* **TRY IT**
Every record has to be written out exactly, with no line missing.

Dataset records
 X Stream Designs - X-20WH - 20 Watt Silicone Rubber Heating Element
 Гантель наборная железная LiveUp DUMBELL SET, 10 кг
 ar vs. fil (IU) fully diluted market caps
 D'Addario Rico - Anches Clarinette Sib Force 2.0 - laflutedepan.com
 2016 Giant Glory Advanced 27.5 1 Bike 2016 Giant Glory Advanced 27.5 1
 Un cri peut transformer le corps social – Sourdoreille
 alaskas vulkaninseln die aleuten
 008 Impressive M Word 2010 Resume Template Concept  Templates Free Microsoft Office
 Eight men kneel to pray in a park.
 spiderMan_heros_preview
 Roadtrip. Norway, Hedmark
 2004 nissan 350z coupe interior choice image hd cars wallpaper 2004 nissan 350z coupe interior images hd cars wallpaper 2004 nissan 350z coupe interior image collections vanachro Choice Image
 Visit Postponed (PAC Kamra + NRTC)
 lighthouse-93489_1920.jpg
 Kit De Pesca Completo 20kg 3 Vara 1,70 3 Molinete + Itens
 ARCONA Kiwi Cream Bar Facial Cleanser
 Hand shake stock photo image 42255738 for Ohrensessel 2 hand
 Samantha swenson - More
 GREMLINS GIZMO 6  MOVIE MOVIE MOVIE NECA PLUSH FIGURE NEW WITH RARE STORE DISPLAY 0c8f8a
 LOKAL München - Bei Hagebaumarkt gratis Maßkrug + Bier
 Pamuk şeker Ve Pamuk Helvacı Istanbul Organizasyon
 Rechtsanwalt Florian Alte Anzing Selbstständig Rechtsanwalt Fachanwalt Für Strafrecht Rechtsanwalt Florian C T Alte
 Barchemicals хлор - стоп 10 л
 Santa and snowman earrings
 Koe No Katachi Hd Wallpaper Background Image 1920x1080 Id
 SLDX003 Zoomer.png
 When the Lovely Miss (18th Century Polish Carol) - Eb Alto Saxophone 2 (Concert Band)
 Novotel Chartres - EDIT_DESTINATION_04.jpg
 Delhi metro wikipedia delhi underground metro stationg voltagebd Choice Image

* **SOLUTION FOR THIS PROBLEM**
 X Stream Designs - X-20WH - 20 Watt Silicone Rubber Heating Element
 Гантель наборная железная LiveUp DUMBELL SET, 10 кг
 ar vs. fil (IU) fully diluted market caps
 D'Addario Rico - Anches Clarinette Sib Force 2.0 - laflutedepan.com
 2016 Giant Glory Advanced 27.5 1 Bike 2016 Giant Glory Advanced 27.5 1
 Un cri peut transformer le corps social – Sourdoreille
 alaskas vulkaninseln die aleuten
 008 Impressive M Word 2010 Resume Template Concept  Templates Free Microsoft Office
 Eight men kneel to pray in a park.
 spiderMan_heros_preview
 Roadtrip. Norway, Hedmark
 2004 nissan 350z coupe interior choice image hd cars wallpaper 2004 nissan 350z coupe interior images hd cars wallpaper 2004 nissan 350z coupe interior image collections vanachro Choice Image
 Visit Postponed (PAC Kamra + NRTC)
 lighthouse-93489_1920.jpg
 Kit De Pesca Completo 20kg 3 Vara 1,70 3 Molinete + Itens
 ARCONA Kiwi Cream Bar Facial Cleanser
 Hand shake stock photo image 42255738 for Ohrensessel 2 hand
 Samantha swenson - More
 GREMLINS GIZMO 6  MOVIE MOVIE MOVIE NECA PLUSH FIGURE NEW WITH RARE STORE DISPLAY 0c8f8a
 LOKAL München - Bei Hagebaumarkt gratis Maßkrug + Bier
 Pamuk şeker Ve Pamuk Helvacı Istanbul Organizasyon
 Rechtsanwalt Florian Alte Anzing Selbstständig Rechtsanwalt Fachanwalt Für Strafrecht Rechtsanwalt Florian C T Alte
 Barchemicals хлор - стоп 10 л
 Santa and snowman earrings
 Koe No Katachi Hd Wallpaper Background Image 1920x1080 Id
 SLDX003 Zoomer.png
 When the Lovely Miss (18th Century Polish Carol) - Eb Alto Saxophone 2 (Concert Band)
 Novotel Chartres - EDIT_DESTINATION_04.jpg
 Delhi metro wikipedia delhi underground metro stationg voltagebd Choice Image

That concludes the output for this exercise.